## DATASET CONTENT
• • • • •

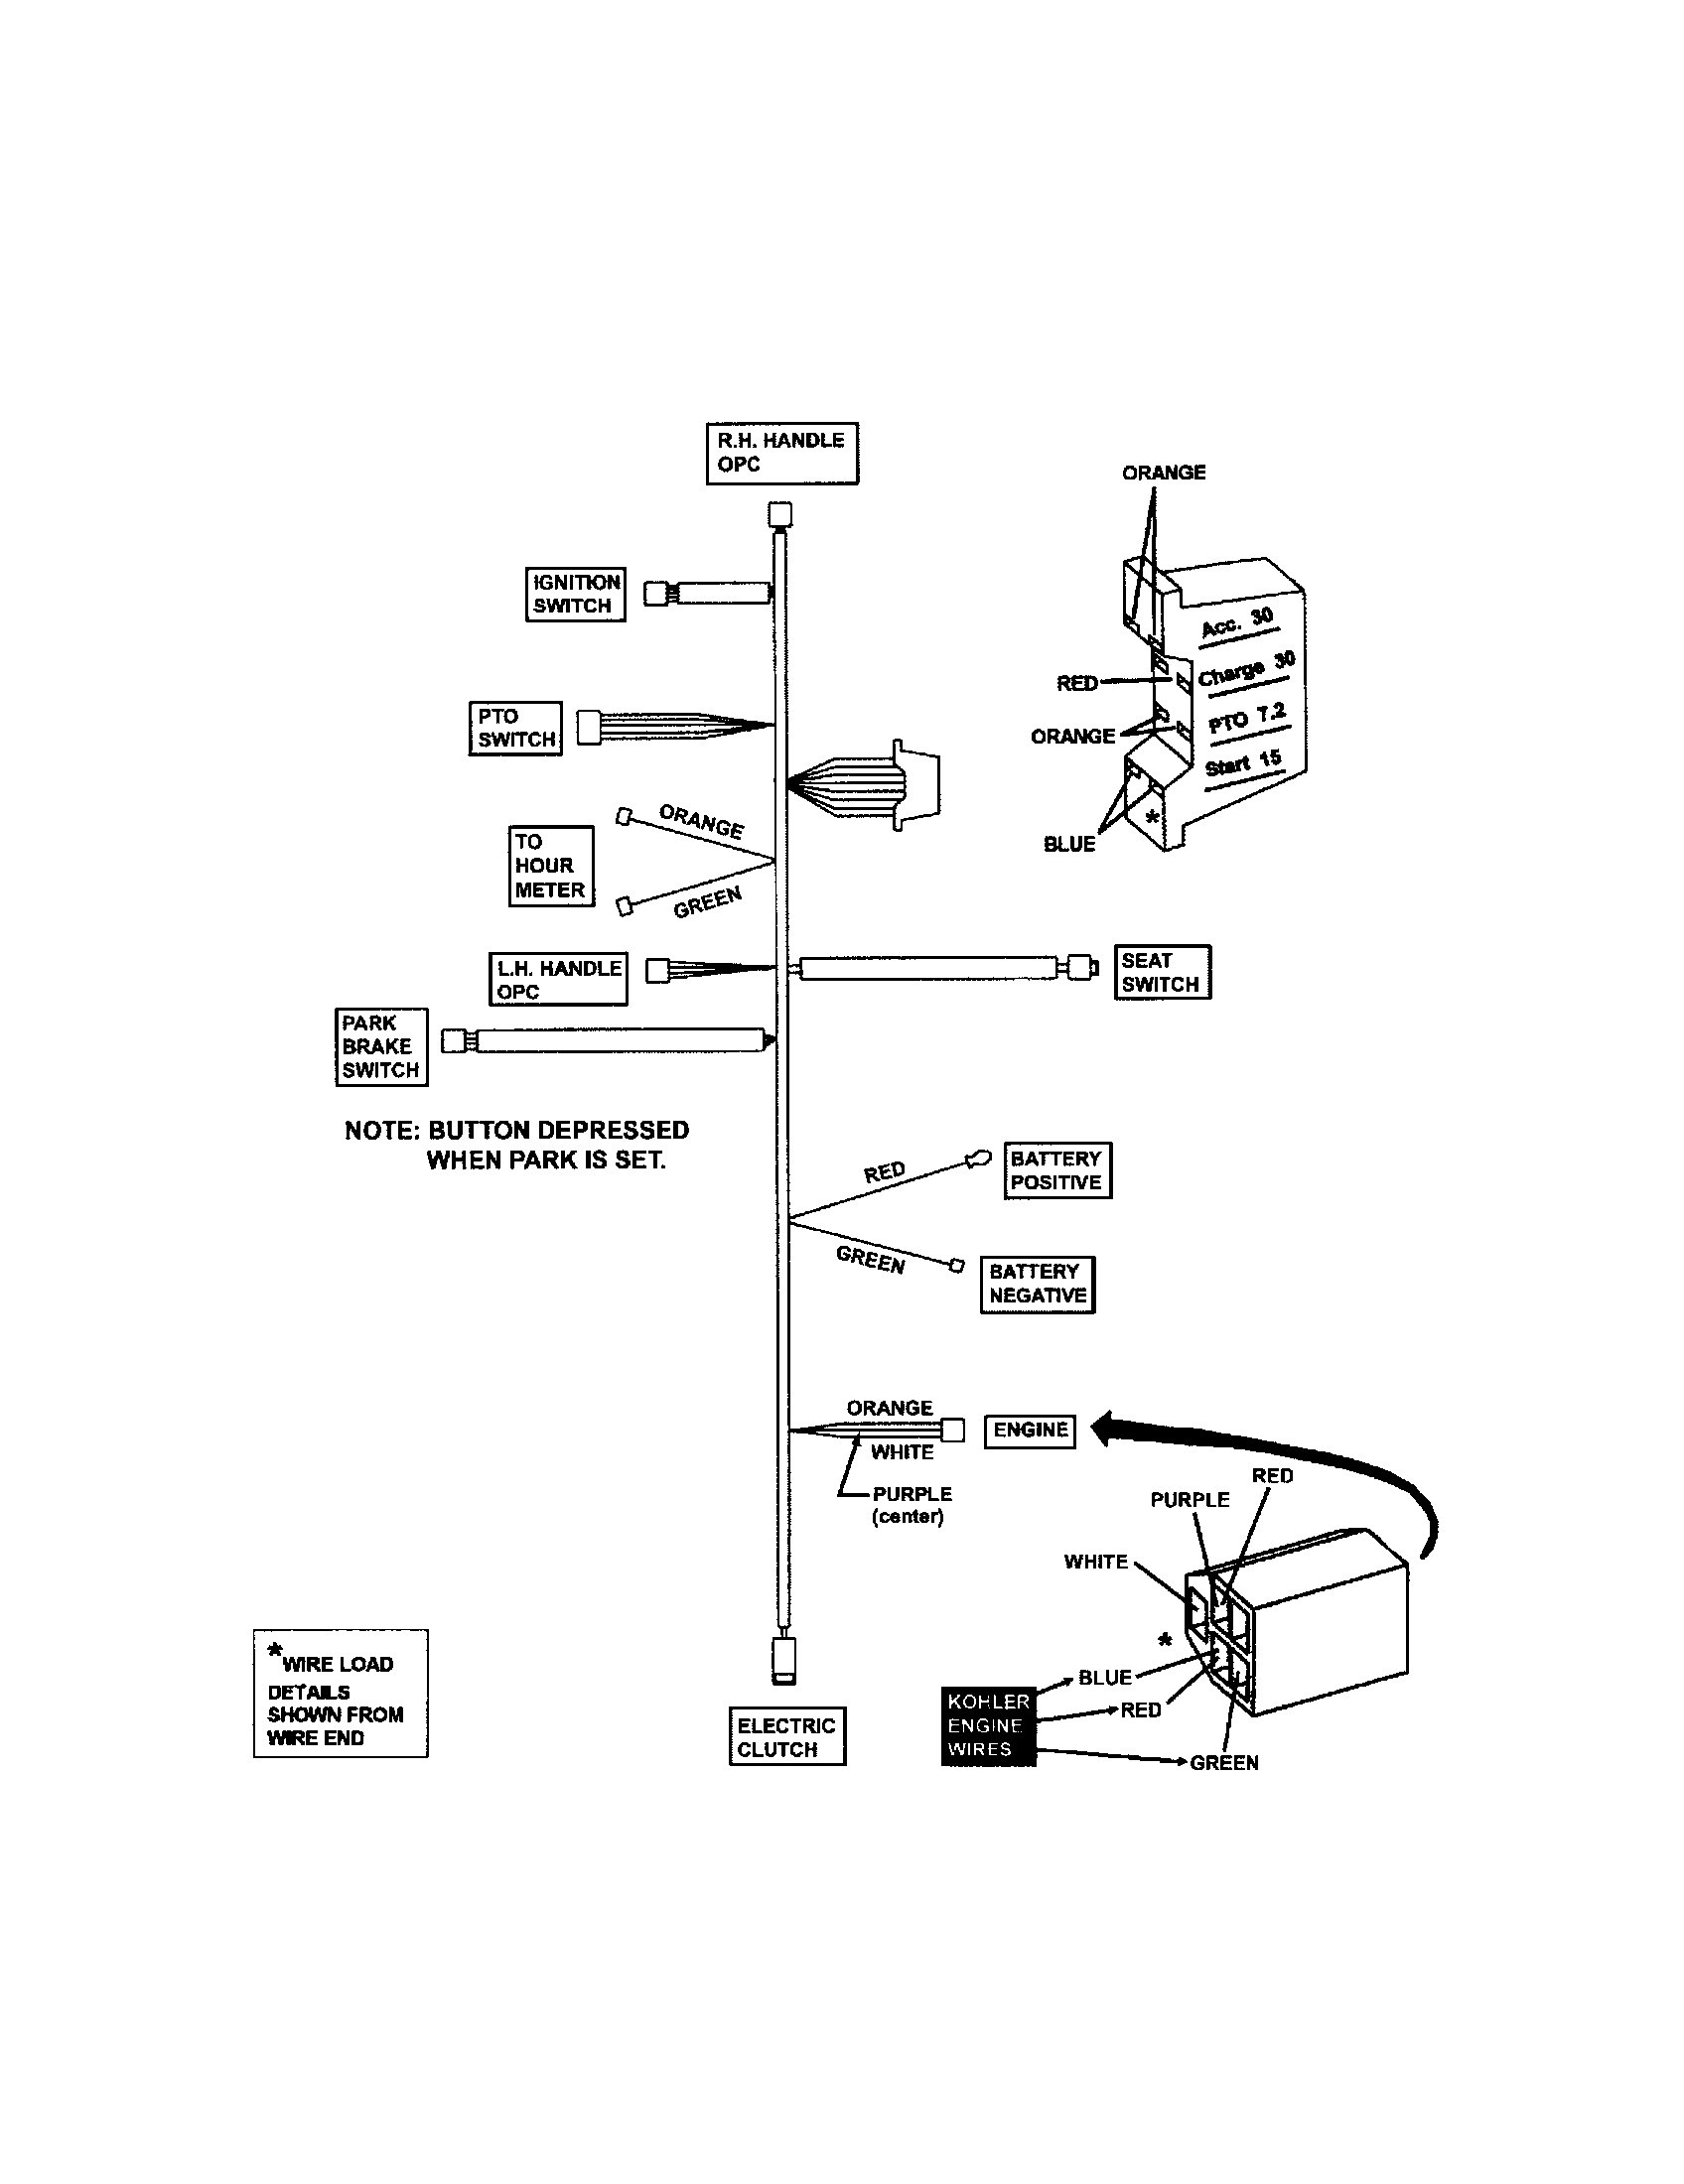 Snapper Lawn Mower 381450hbve User Gibson 355 Stereo Wiring Diagram
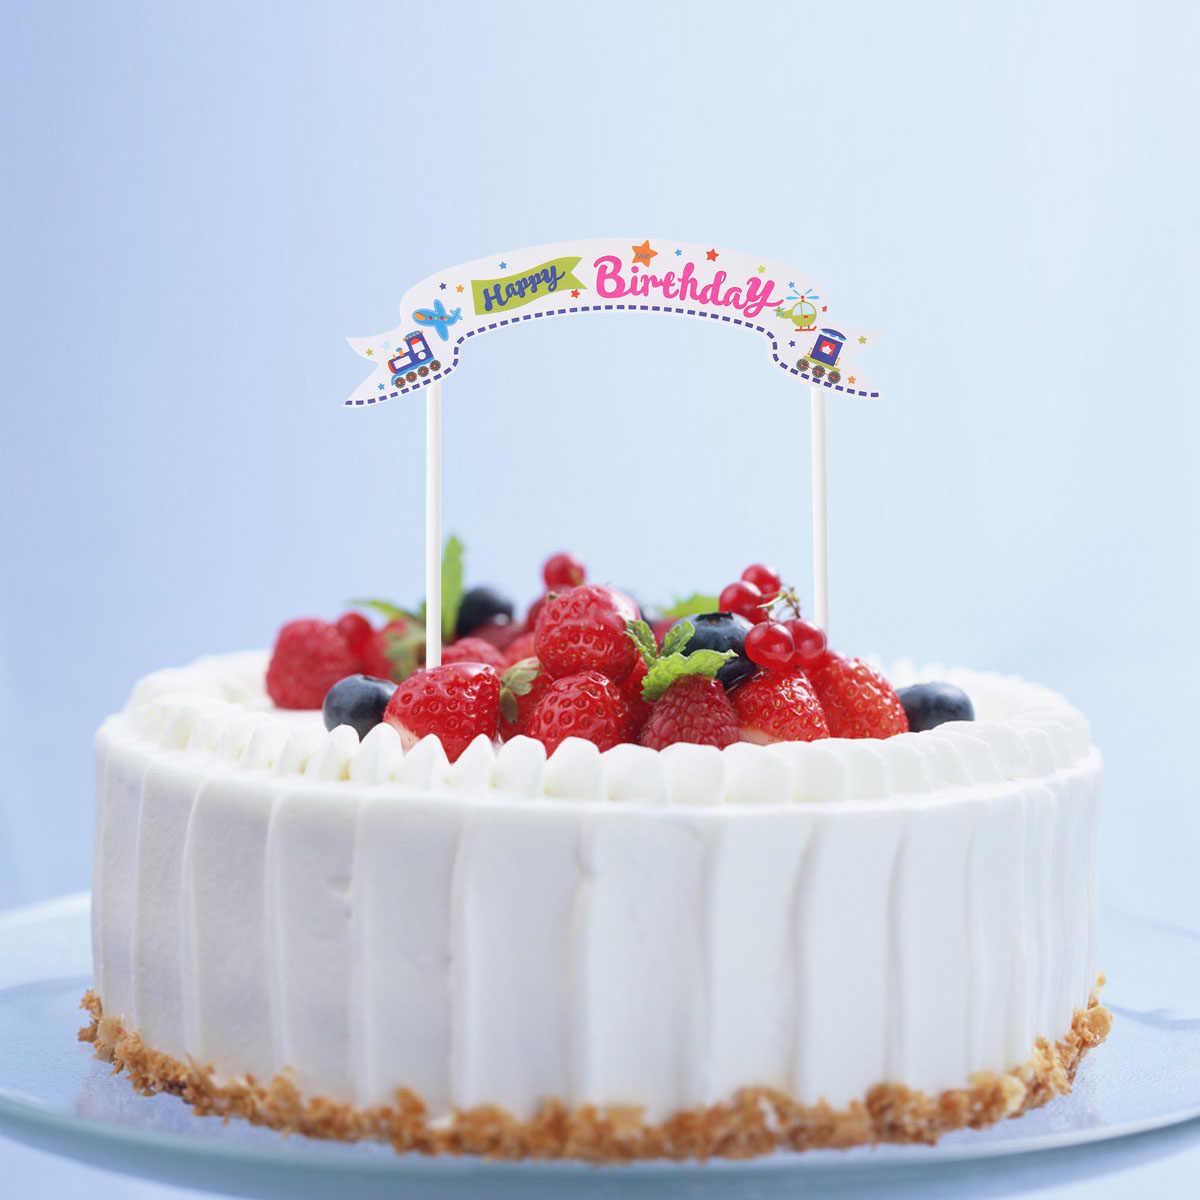 Tremendous Cupcake Toppers 5Pcs Happy Birthday Cake Toppers Flag Banner Personalised Birthday Cards Paralily Jamesorg
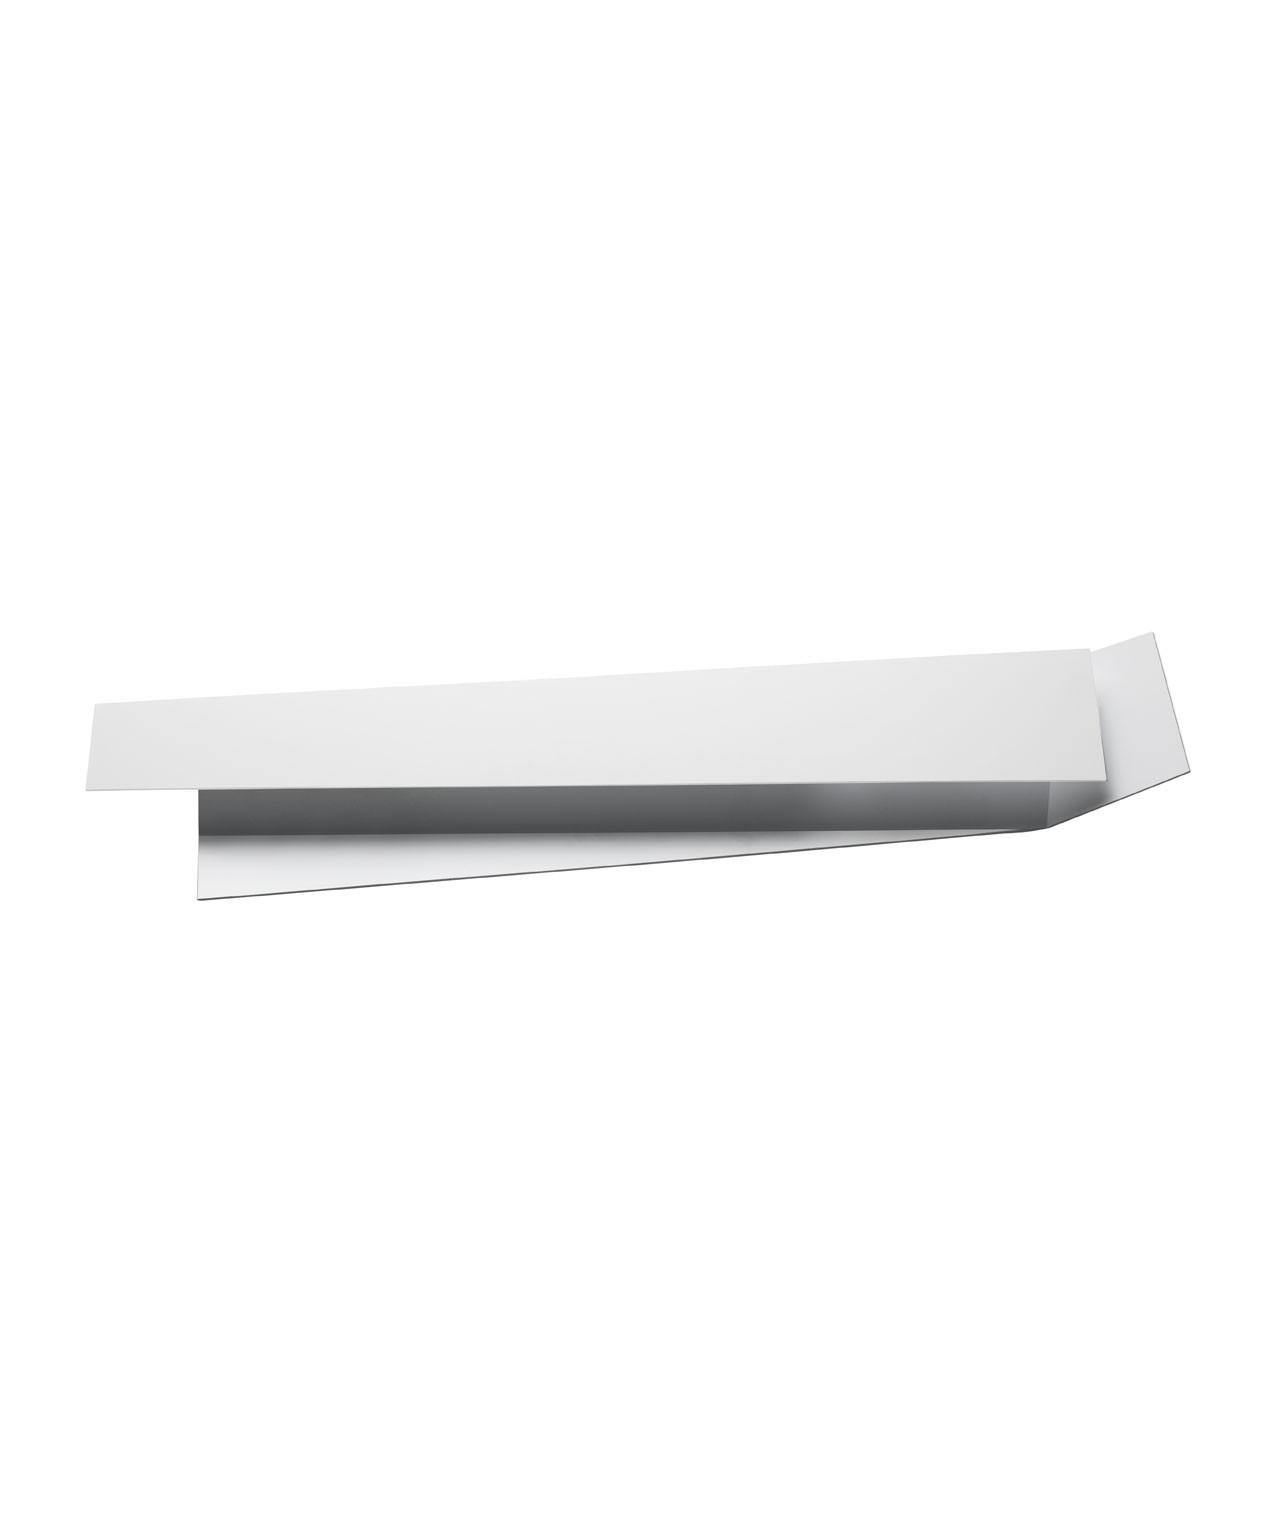 Image of   Flap 3 Væglampe Hvid - Foscarini

• • • • •

With the images excluded, reproduce the data above precisely as written.

## ANSWER BOX
 Snapper Lawn Mower 381450hbve User Gibson 355 Stereo Wiring Diagram
 Tremendous Cupcake Toppers 5Pcs Happy Birthday Cake Toppers Flag Banner Personalised Birthday Cards Paralily Jamesorg
 Image of   Flap 3 Væglampe Hvid - Foscarini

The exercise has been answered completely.